Probably in order to rely on these observations, the letter from Cost Auditor Shri Dhananjay V. Joshi was produced, which was practically in the same terms as the letter of Auditor namely Price Water House in the reported judgement and paragraphs No. 5.3 to 5.6 of which are reproduced in paragraph No. 2 of the reported judgement. From the observations of the Tribunal, it is evident that the Tribunal has not placed reliance upon any legal provision, either from the Act or from the Rule, while exonerating the assessee from the liability to pay duty by reversing the CENVAT Credit wrongly claimed. When there is no statutory foundation for such exemption, with due respect, we are unable to agree with the view taken by the Tribunal. It seems to be a sympathetic view by taking into consideration that it is a huge plant with huge turnover and inspite of huge and complex accounting system, there are bound to be some problems and some errors. With due respect, the Tribunal did not consider the other side of the coin. The Department does not function Page 1645 as a supervisor to ensure that every input is used or not used in the manufacture of final product is properly recorded in the accounts and the Department wholly relies upon the Books of Accounts maintained by the assessee for the purpose of finding out as to whether correct CENVAT Credit is claimed and whether correct duty is paid by reversing the CENVAT Credit to which they were not entitled. Ultimately, the amount recovered has to go to the Public Exchequer. Without accusing the Department in the present case, we cannot avoid considering a probability that the Books of Accounts being constantly under the control of the assessee, it is easier for assessee to play mischief, if assessee so desires.

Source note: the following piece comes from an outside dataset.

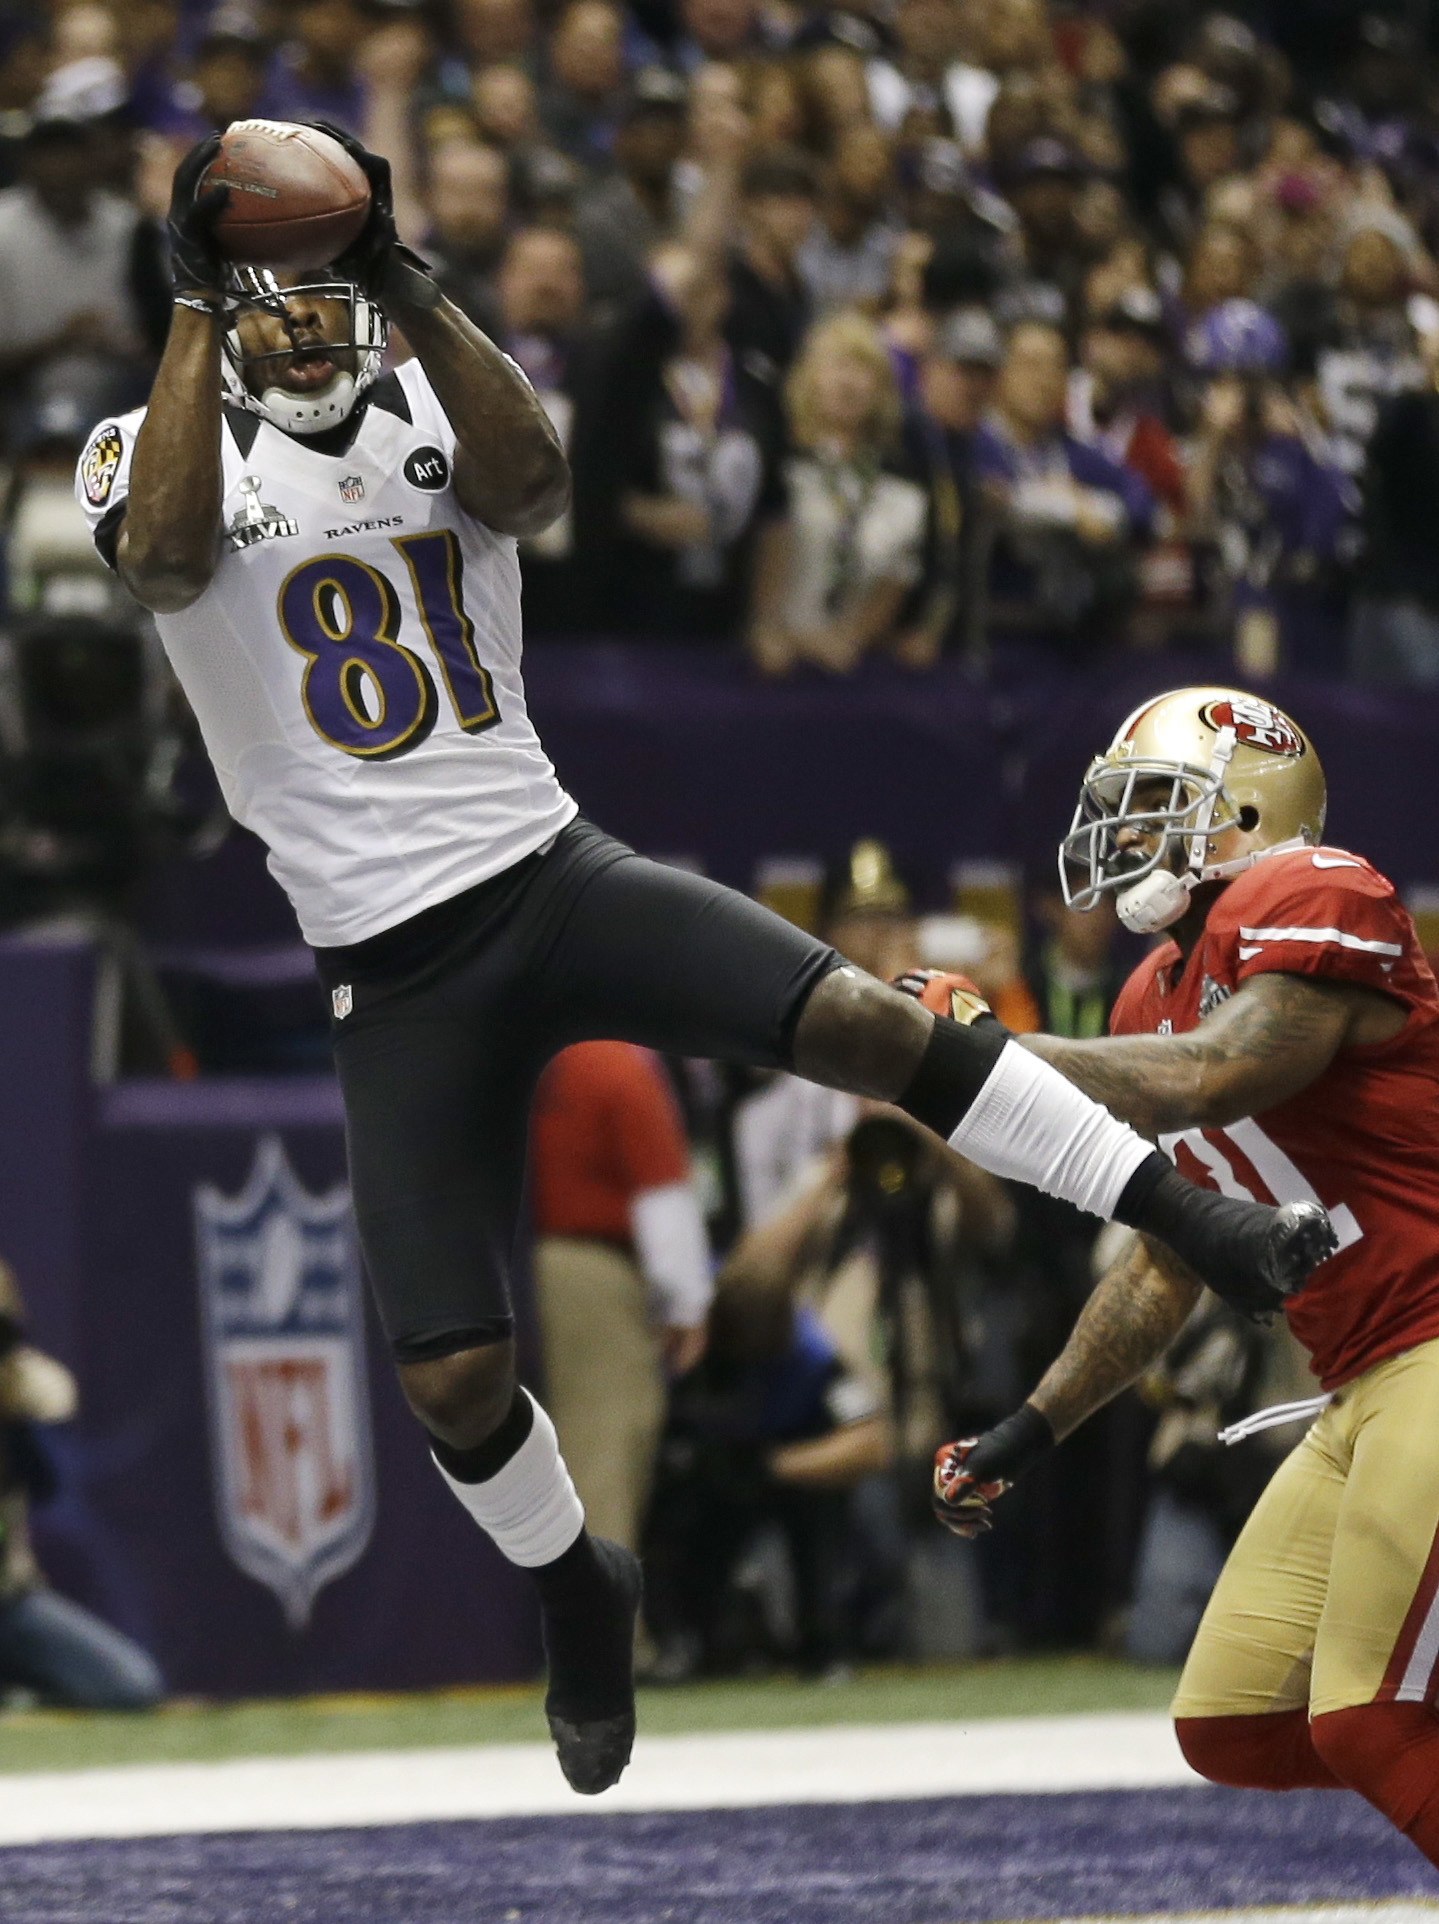 Baltimore Ravens wide receiver Anquan Boldin (81) catches a 13-yard touchdown pass against San Francisco 49ers safety Donte Whitner during the first half Sunday.Boldin caught six passes for 104 yards and scored the game's first touchdown.

In the present matter, of course, we do not find any mis-statement or suppression because the Department has relied upon the Accounts of the assessee for finding out shortage and assessee has not even suppressed that the CENVAT Credit is not reversed to the extent of shortage, and we are of the view that when the Commissioner (Appeals) had arrived at a conclusion that there was no clandestine removal or manipulation, suppression or mis-statement or contravention of specified Rule, there ought not to have been imposition of any penalty, much less the reduced penalty.

We find it difficult to approve the view taken by the Tribunal at Delhi in Maruti Udyog case, mainly because such a view which can be described as only sympathetic view does not have any basis of any statutory provision.

7. The appeal is, therefore, partly allowed. The impugned judgement and order of CESTAT is quashed and set aside. We restore the order of the Joint Commissioner, Central Excise & Customs, Aurangabad, to the extent of confirmation of demand notice and interest under Section 11AB of the Central Excise Act, 1944. We hereby clarify that having arrived at a conclusion that there was no suppression or any mis-statement on the part of the assessee, we are not inclined to maintain any penalty under Section 11AC of the Act.

The appeal is accordingly disposed of.